DispatchResult gains an optional prompt: string | null field. The caller — handleAutoInject in src/hooks/use-project-card-actions.ts and the beacon's parallel path — picks up the composed body and injects it as a custom prompt (going through onInject with customPrompt) rather than firing the canned next_best intent.
maxTokens on the Groq call jumps from 100 to ~1500 to give room for a composed body. Temperature stays low (0.2) so the strategist sticks to the facts in context rather than improvising fiction.
Failure mode is the existing one: if Groq times out, errors, or returns malformed output, fall back to queue head → next_best.
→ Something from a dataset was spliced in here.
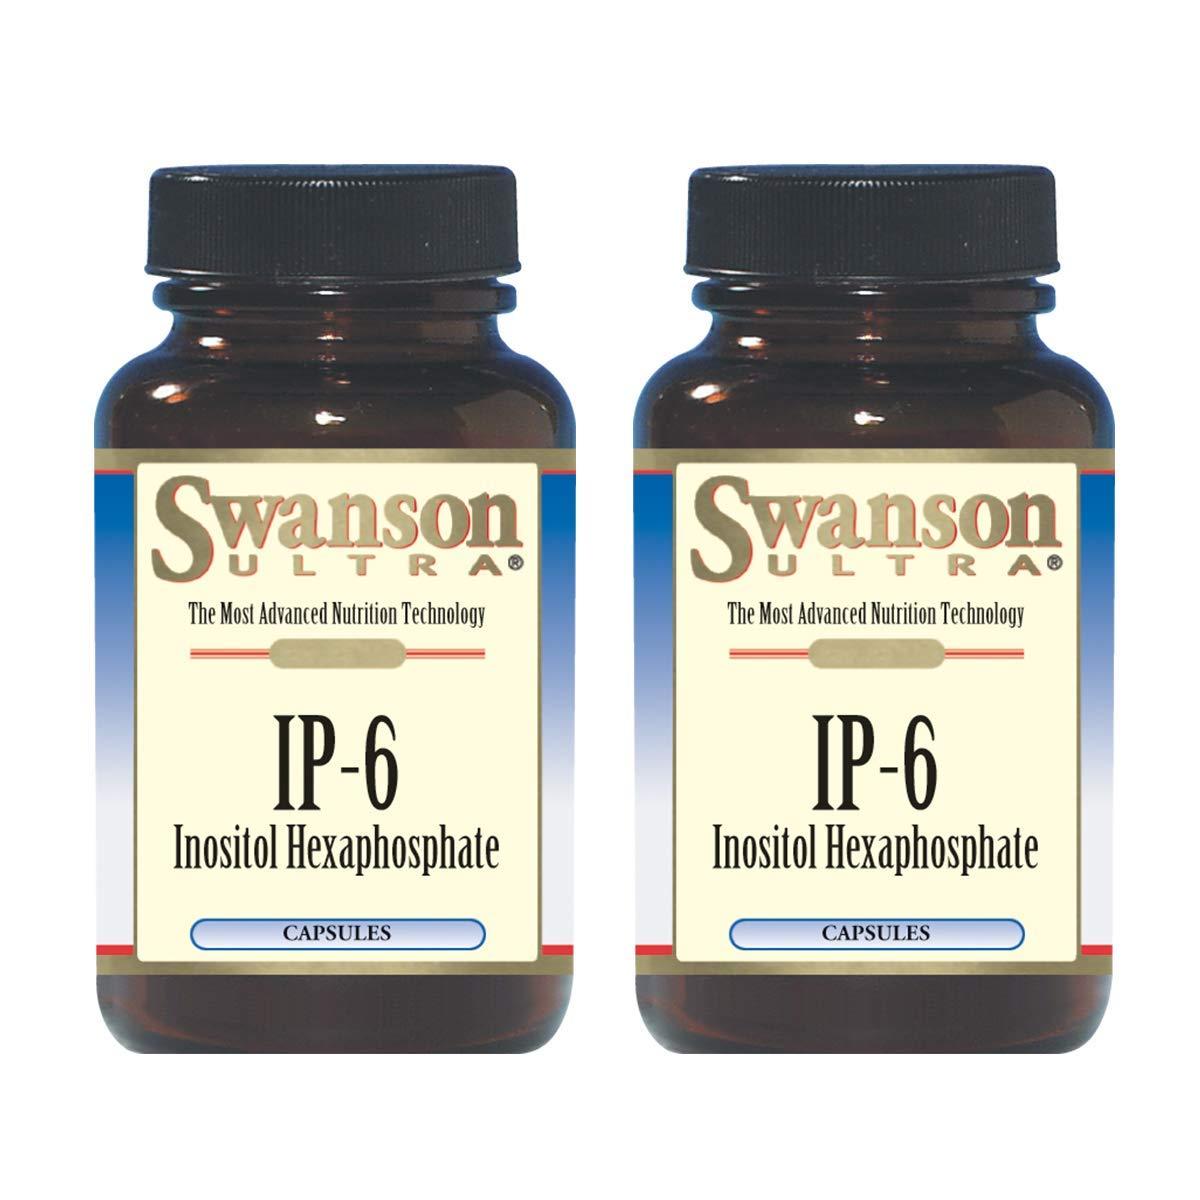 Swanson IP-6 Inositol Hexaphosphate 240 Capsules (2 Pack) by Swanson

The strategist is additive, not load-bearing.
4. autoInjectMode flag
A new per-user (or per-project) setting in beacon_settings:
auto_inject_mode: 'strategist' | 'queue_only' | 'next_best' | 'off'strategist(default) — full chain: queue → strategist → next_best fallback.queue_only— only fire queue items; never auto-compose, never next_best.next_best— legacy behavior (raw template, no strategist call). For users who want the current ladder.off— disable auto-inject entirely; user dispatches by hand.
handleAutoInject respects the mode. Default for existing users is strategist, which is a behavior change — the migration note is that this is the intended product direction and the user can opt back into next_best if they prefer the old ladder.
5. Sentinel-ordering fix — read once, cleanup at end
In scripts/agent-hook-bridge.sh:handle_stop, the runId sentinel is read once at the top into a local, both finish_orchestration_run and emit_worker_finished consume the local, and the sentinel is deleted exactly once at the end. This is the "read-once" shape Cursor described — smaller diff than the swap I'd tried before, no logic change inside either function.
What's Deliberately Out of Scope
- A separate strategist service or worker pool. The existing Groq call is enough for v1.
- A persistent prompt-evaluation feedback loop ("did this composed prompt produce a useful outcome?"). That's v2.
- Multi-project queue intelligence (compose across projects). Single-project for now.
- Replacing the bash hook's prompt file. User-owned config, left alone.
Success Signal
After this lands, if you write status: ready in FleetCrown.md and walk away, the next thing your terminal receives is either (a) the top queue item you actually queued, or (b) a Groq-composed prompt that names what you said you'd do next, references the last commit's failure if there was one, and asks for the specific work — not "scan in order: 1, 2, 3, 4."
If you wake up and see "Pick the highest-impact item and execute it fully" again, the strategist has failed and we revert to the gate.
Provenance
This document is the synthesis of two audits — Cursor Composer 2.5's first pass on this codebase, and Claude's response refining it. The actual implementation commits will reference this file.